After eight months of combat deployment, the US Navy announced last Monday that the strike group led by the aircraft carrier USS Gerald R. Ford, the largest warship in the world, was leaving the eastern Mediterranean Sea and returning home, CNN reported.
The US Sixth Fleet, which is based in Italy, said the strike group would be returning to its home port in Norfolk, Virginia in the “coming days.”
The USS Gerald R. Ford began its 8-month deployment on May 2.
First commissioned in 2017, the 100,000-ton Gerald R. Ford is the Navy’s first new carrier class vessel in more than 40 years. It carries a contingent of F/A-18 Super Hornet jets.
Following the October 7 Hamas terrorist attacks, the strike group led by the Gerald R. Ford arrived off the coast of Israel as part of the US’s “regional deterrence and defense posture,” according to the Sixth Fleet.
The Pentagon extended the Gerald R. Ford’s deployment in the Mediterranean three times since Israel’s war with Hamas began.
With its departure, the USS Eisenhower will be the only US Navy aircraft carrier in the Middle East to patrol the Red Sea where Houthi rebels in Yemen, since November, have launched dozens of attacks on container ships and merchant vessels.
Just one day before the Sixth Fleet announced that the Gerald R. Ford strike group was leaving the region, Houthi rebels in four small boats attempted to seize a container ship in the Southern Red Sea.

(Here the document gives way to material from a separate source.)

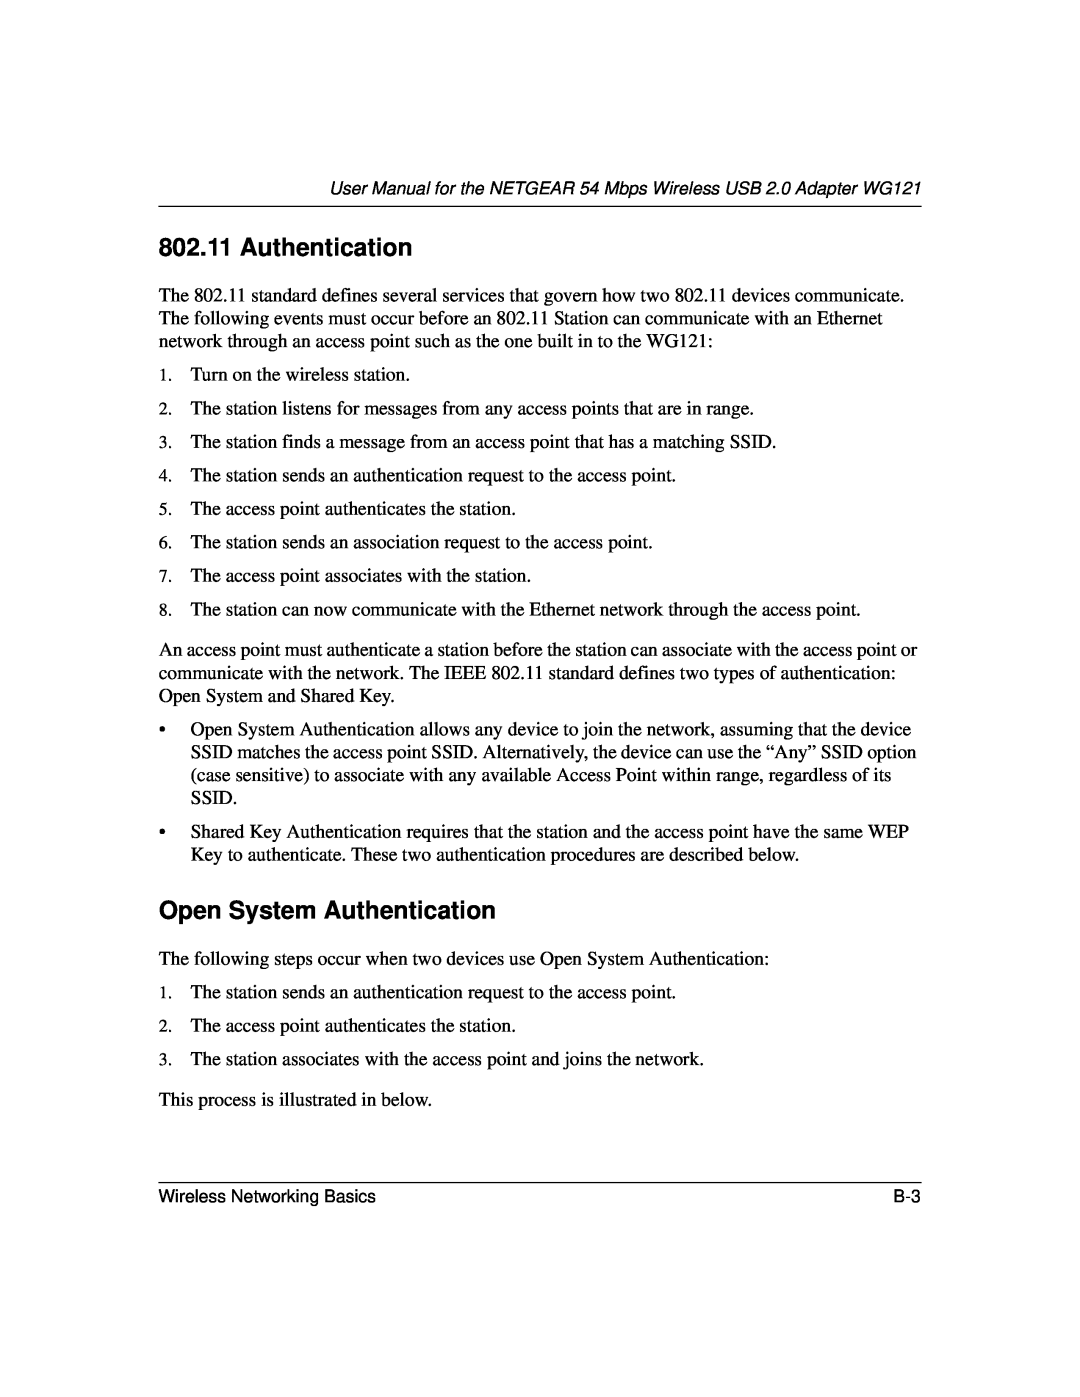 NETGEAR WG121 user manual Open System Authentication

US Central Command reported on December 31 that the Maersk container ship Hangzhou sent a distress call reporting that it was under attack by four boats only hours after it had come under missile attack.
The USS Eisenhower and the destroyer the USS Gravely responded, deploying two helicopters. When the helicopter crews issued verbal commands to the boats, the Houthis aboard opened fire on the helicopters. The crews aboard the helicopters returned fire, sinking three of the boats and killing the rebels aboard.